An Arab cannot hide his passion for poetry;
It comes from under his skin,
as water comes out from under the ground,
as sweat through the pores of his skin during summer time,
and as red and white blood cells are created in his blood.
An Arab cannot dislodge himself from books of poetry…
His identity will be abolished:
As a Chinese cannot escape from being Chinese,
An Indian from being Indian
An African from being African… 

An Arab consumes poetry, Breathes poetry, Sleeps with poetry,
Flirts with poetry, And bears children on seas of poetry.
An Arab is surrounded with poetry from birth,
Like a fish in water, An eye in an eyelid, A cat in fur,
A bird in feathers. The sky in blue color.
And the fetus in its mother’s womb. 

Poetry is tattooed on our bodies…and souls;
It cannot be removed with water…soap…or a chemical solution.
We are subjected to the whims of Poetry
Whether we like it or not. As Venice is to her water
Brazil is to her coffee. France is to her wines.
Spain is to her Flamenco songs, Egypt is to her Nile.
Bassra is to her palm trees. Aleppo is to her jasmine flowers.
And Palestine is to the smell of her orange trees… 

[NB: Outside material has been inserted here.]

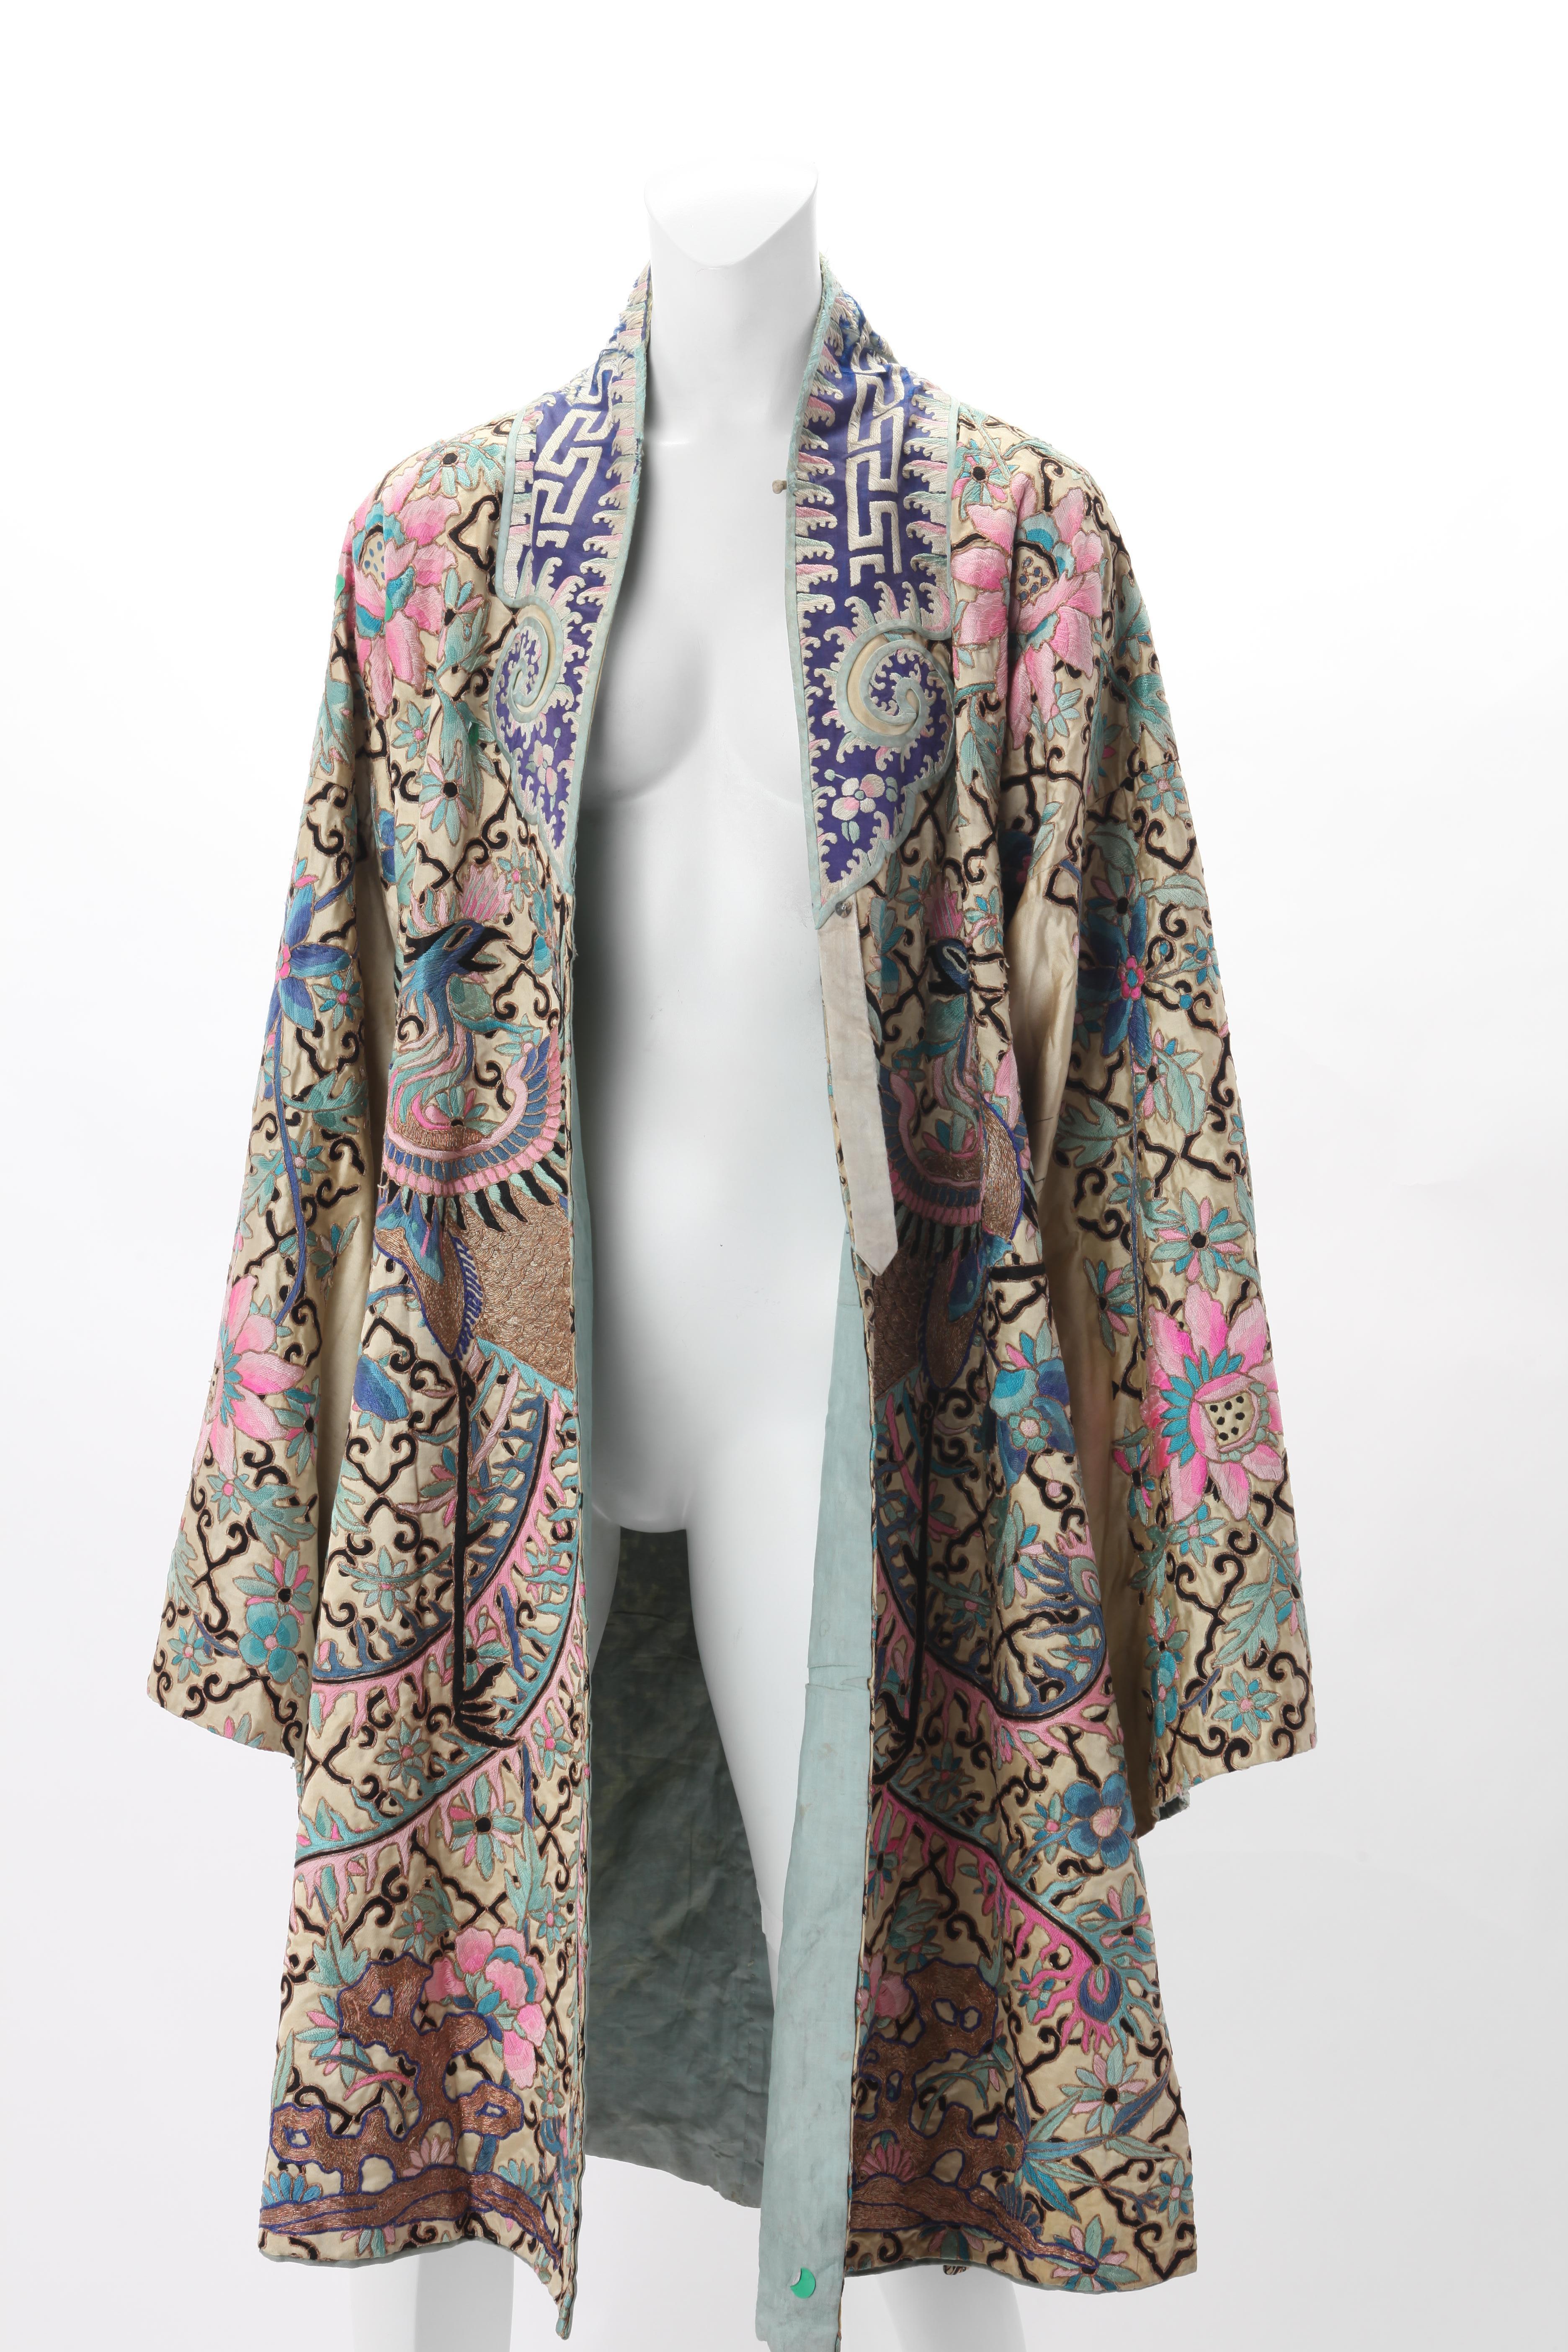 Gray Embroidered Chinese Export Robe, Early 20th Century.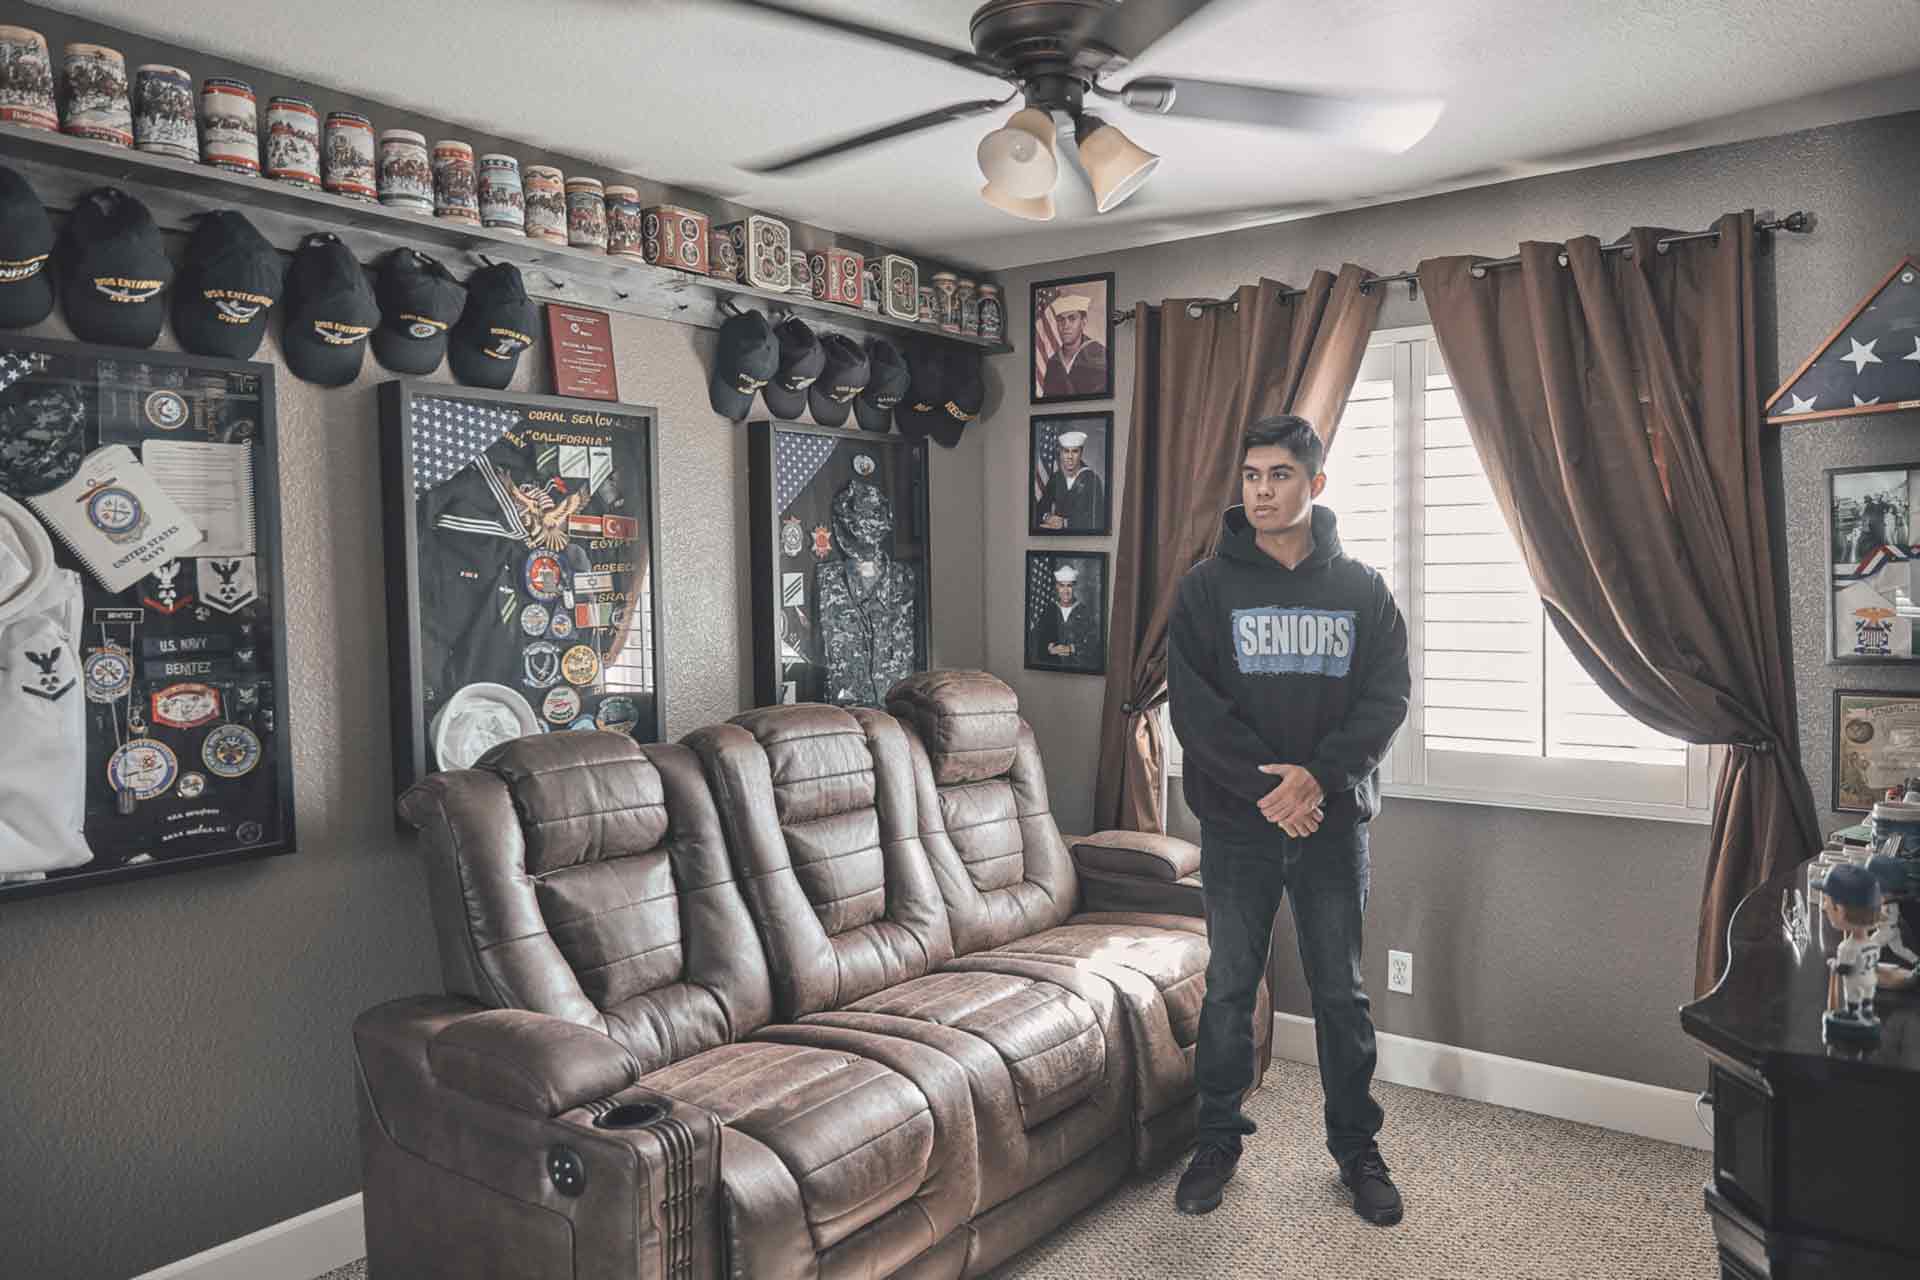 U.S. Navy Sailor Michael Benitez stands in a room at his house surrounded by Navy wall plaques and apparel

No child is born to us unless we hang on its neck a golden ornament on which is engraved two verses of poetry.
When he dies, we inscribe on his tombstone two verses of poetry; And the Arab Lover conquers the heart of his beloved with two verses of poetry.
These are the conspiracies of history, geography, geology, anthropology and evolution. No nation can deny its origin.
We compete with each other in poetry, as we compete in nationalism, slogans and in the high honors.

Mauritania boasts that she is the land of a million poets –
A million poets!!
Is that possible?
In the Arab imagination everything is possible.

I am not inclined to deny beautiful slogans, as I am not inclined to awaken a young Arab dreaming that he carries the will of Al Mutanabbi.